# INSTRUCTIONS TO FOLLOW
Would you return exactly the lines below from the line with "Samsung AVMBH032CA0 Electronics, This" through the line with "Börsenmakler im Hemd", both included, and nothing else, leaving out the pictures?

# EXCERPTED DATA
☆ ☆ ☆ ☆

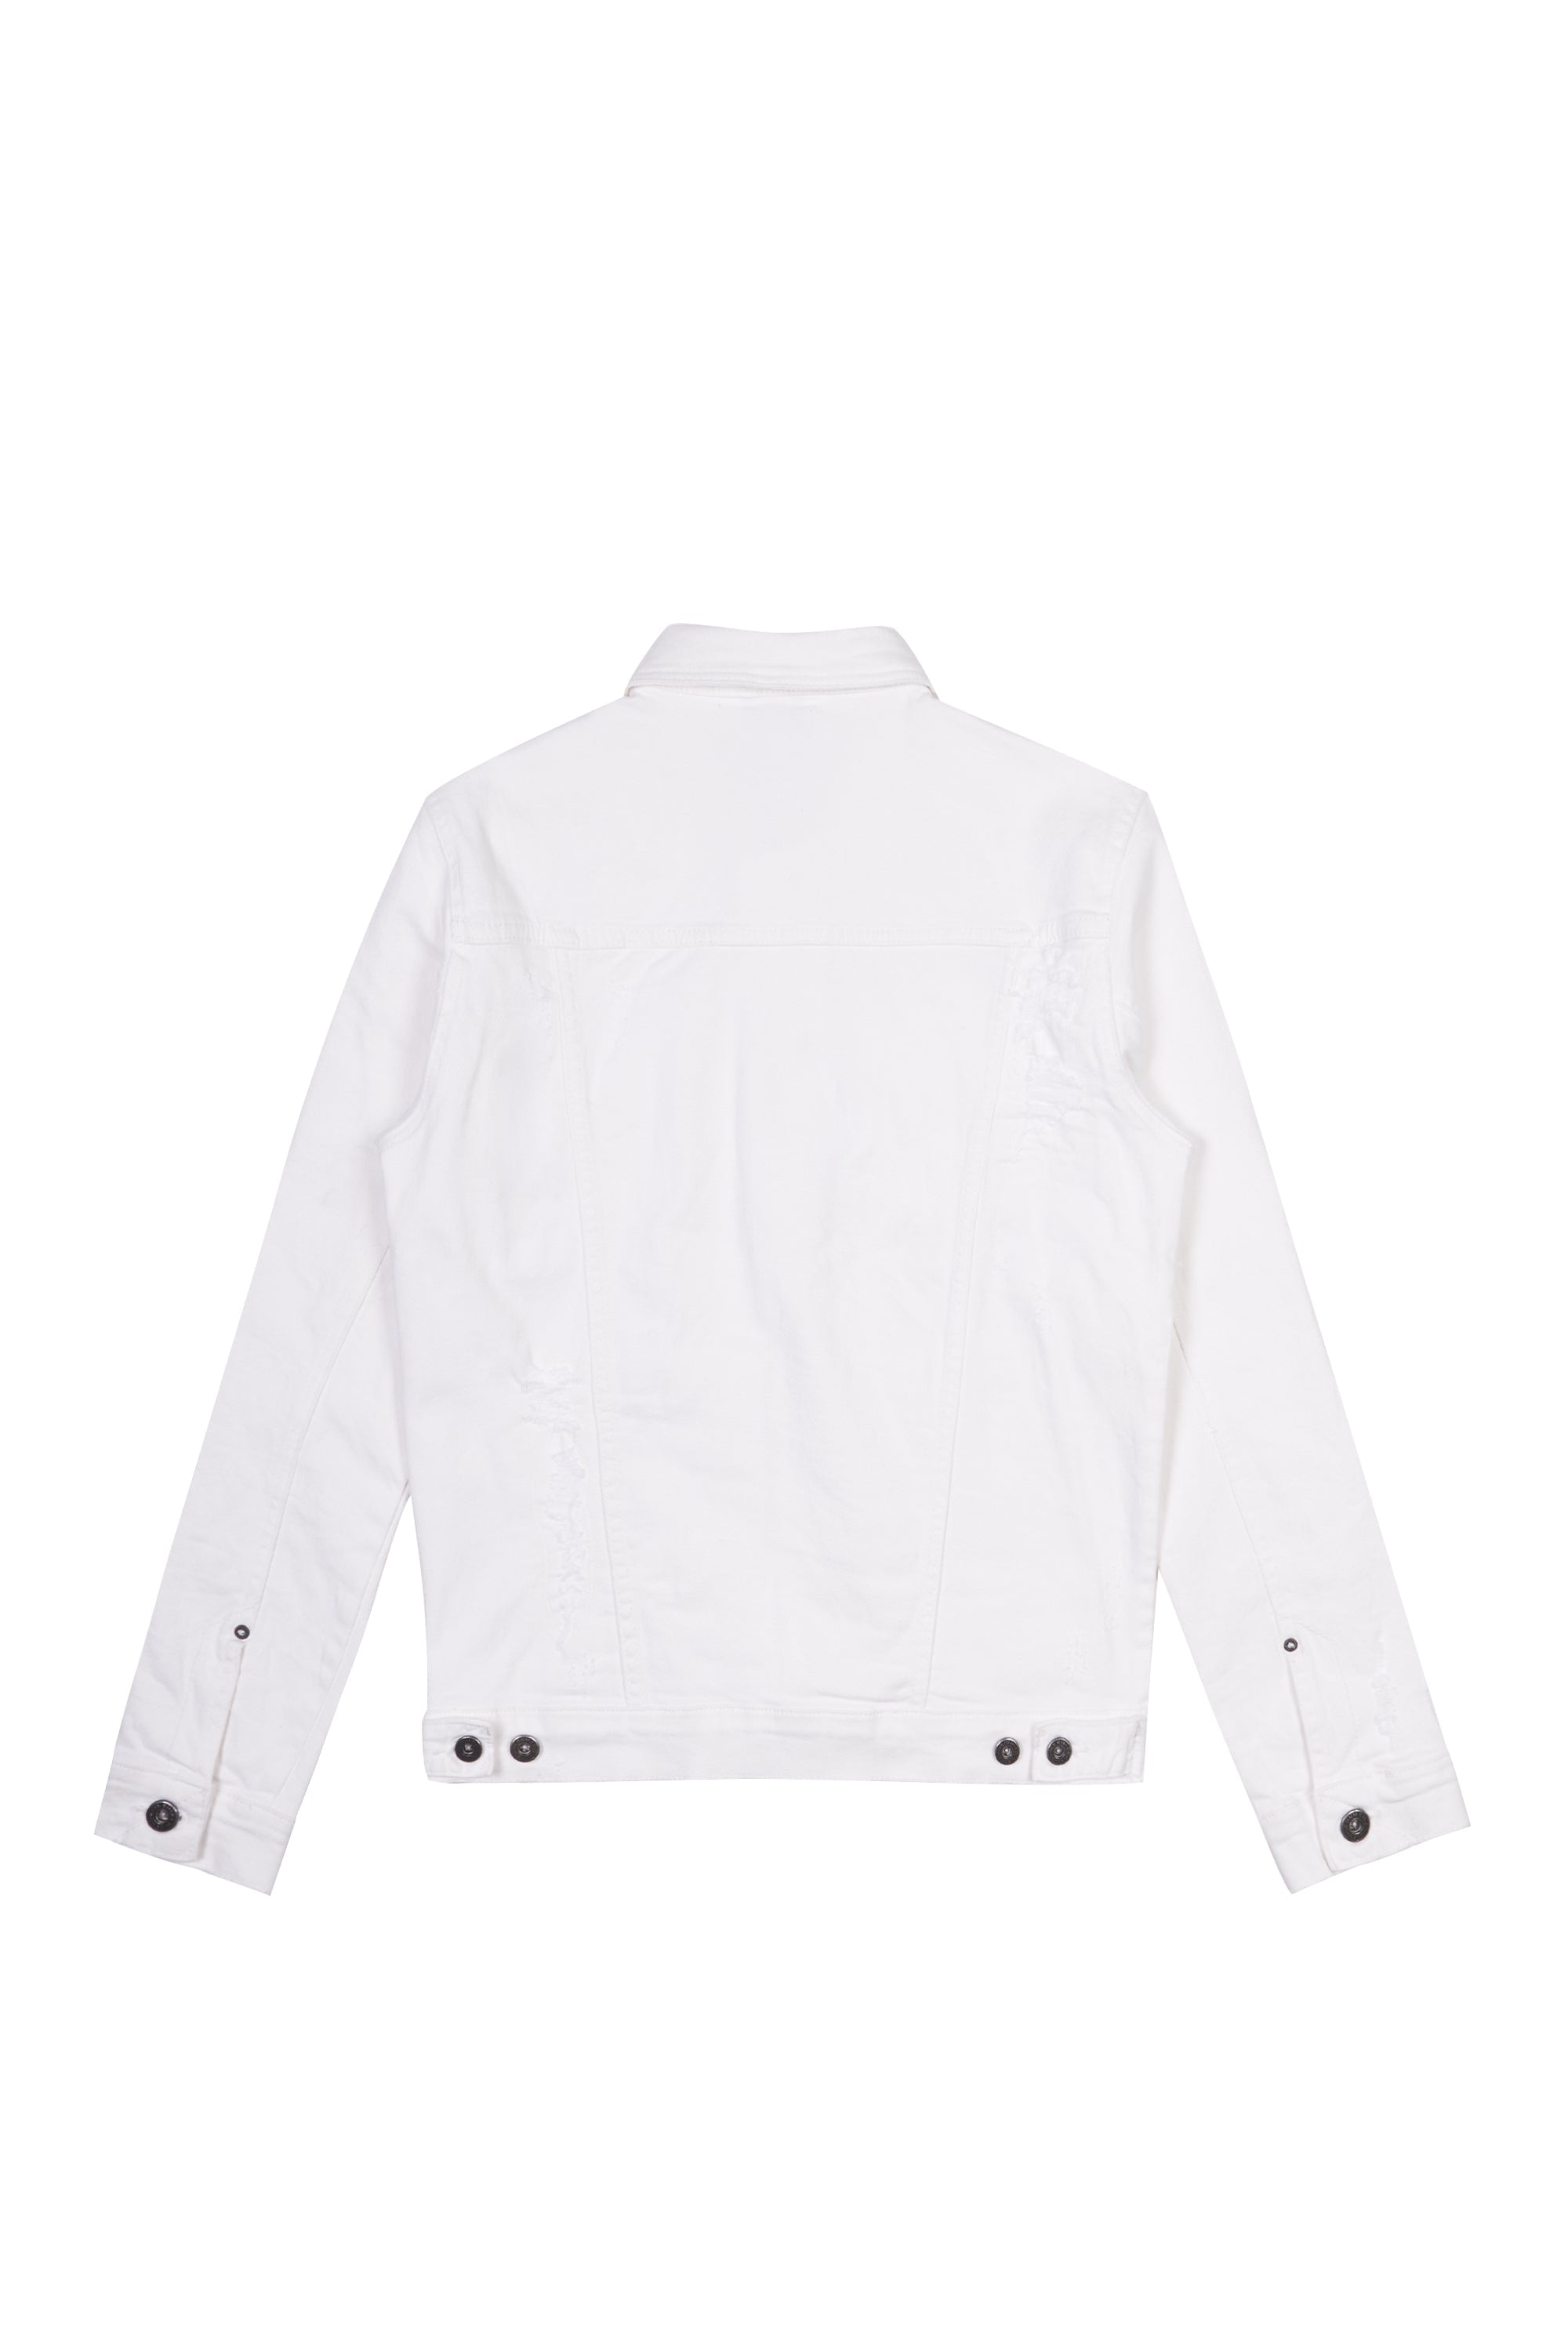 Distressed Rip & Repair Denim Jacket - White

☆ ☆ ☆ ☆

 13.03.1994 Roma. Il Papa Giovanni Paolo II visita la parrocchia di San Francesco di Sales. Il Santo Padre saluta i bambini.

☆ ☆ ☆ ☆

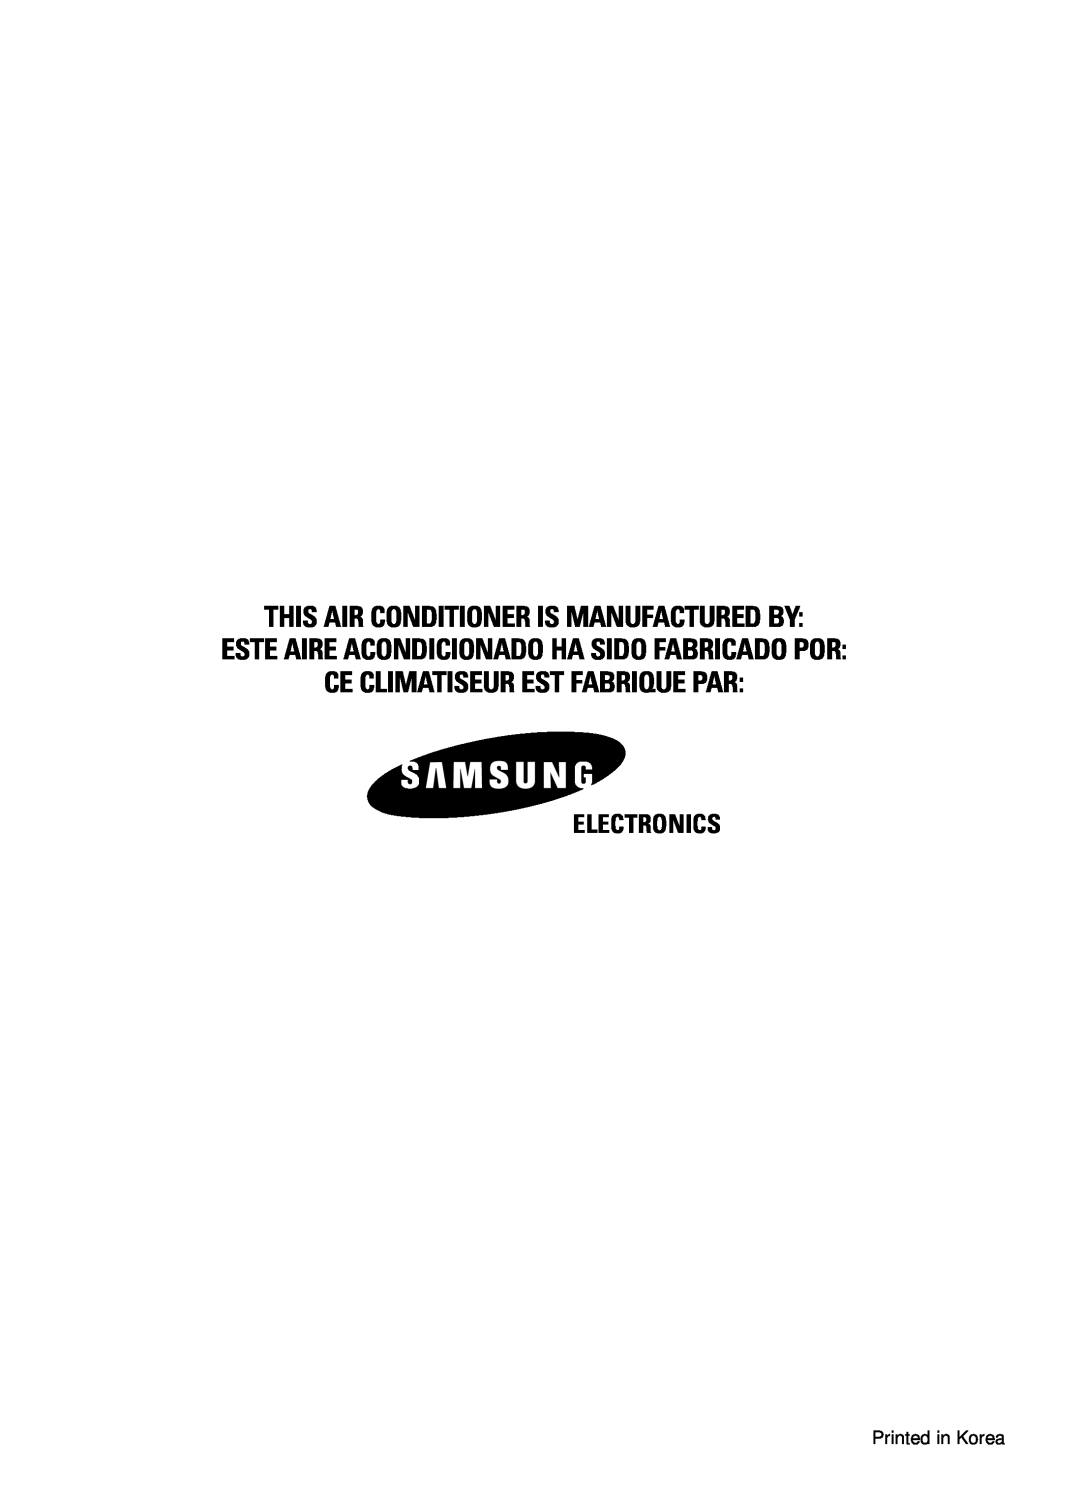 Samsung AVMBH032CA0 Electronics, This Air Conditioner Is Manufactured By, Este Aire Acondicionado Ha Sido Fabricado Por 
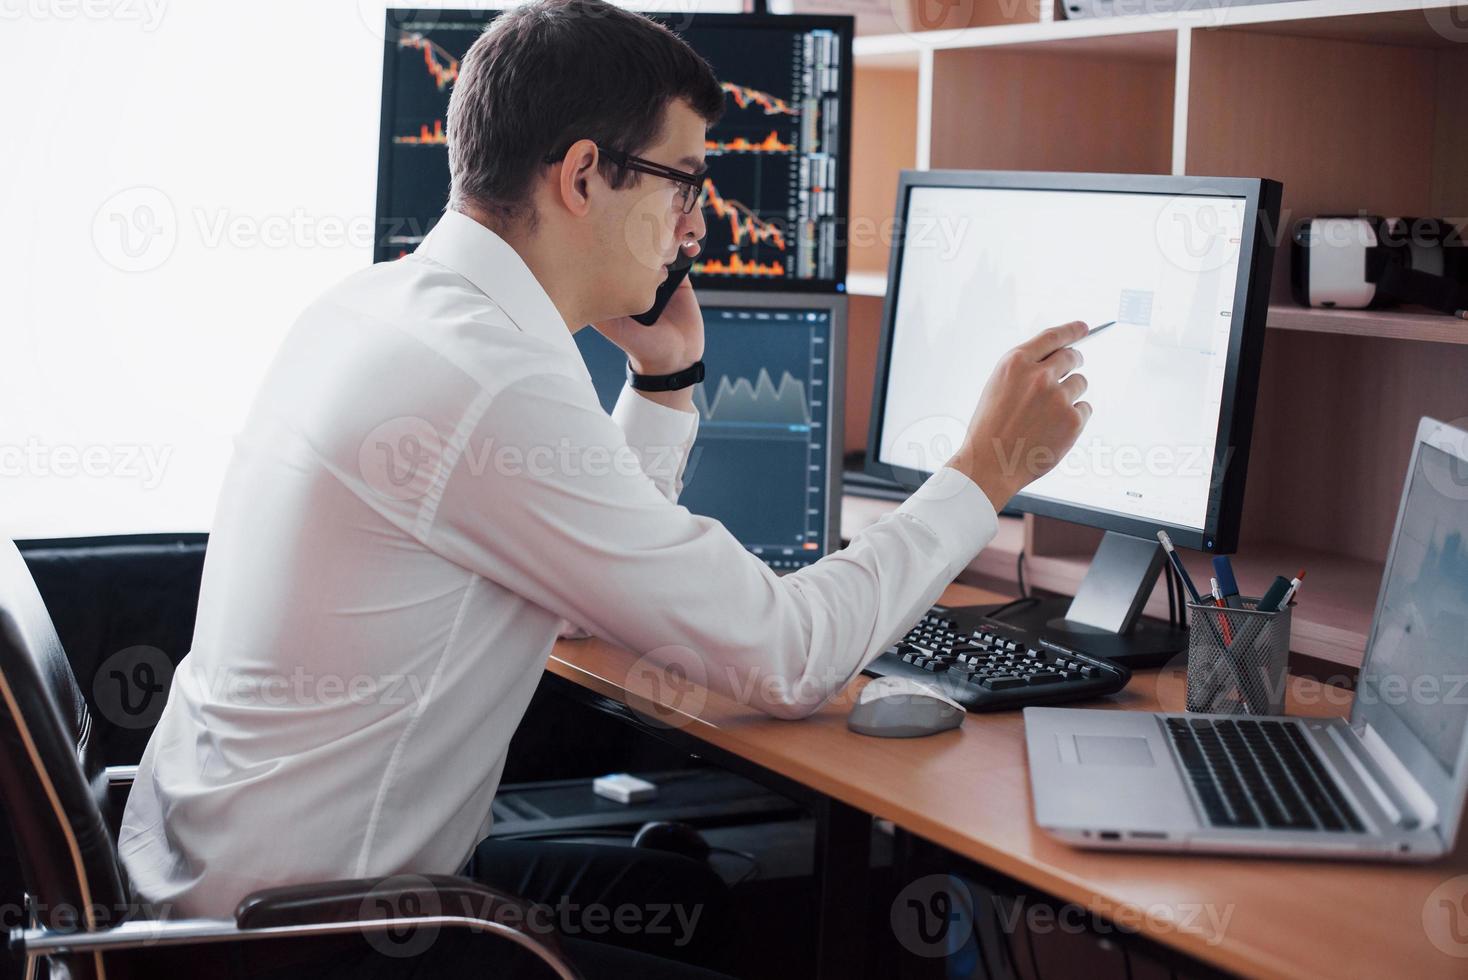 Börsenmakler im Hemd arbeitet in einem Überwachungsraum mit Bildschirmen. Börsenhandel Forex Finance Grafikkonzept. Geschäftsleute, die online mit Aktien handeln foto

☆ ☆ ☆ ☆

# PROBLEM SOLUTION
 Samsung AVMBH032CA0 Electronics, This Air Conditioner Is Manufactured By, Este Aire Acondicionado Ha Sido Fabricado Por 
 Börsenmakler im Hemd arbeitet in einem Überwachungsraum mit Bildschirmen. Börsenhandel Forex Finance Grafikkonzept. Geschäftsleute, die online mit Aktien handeln foto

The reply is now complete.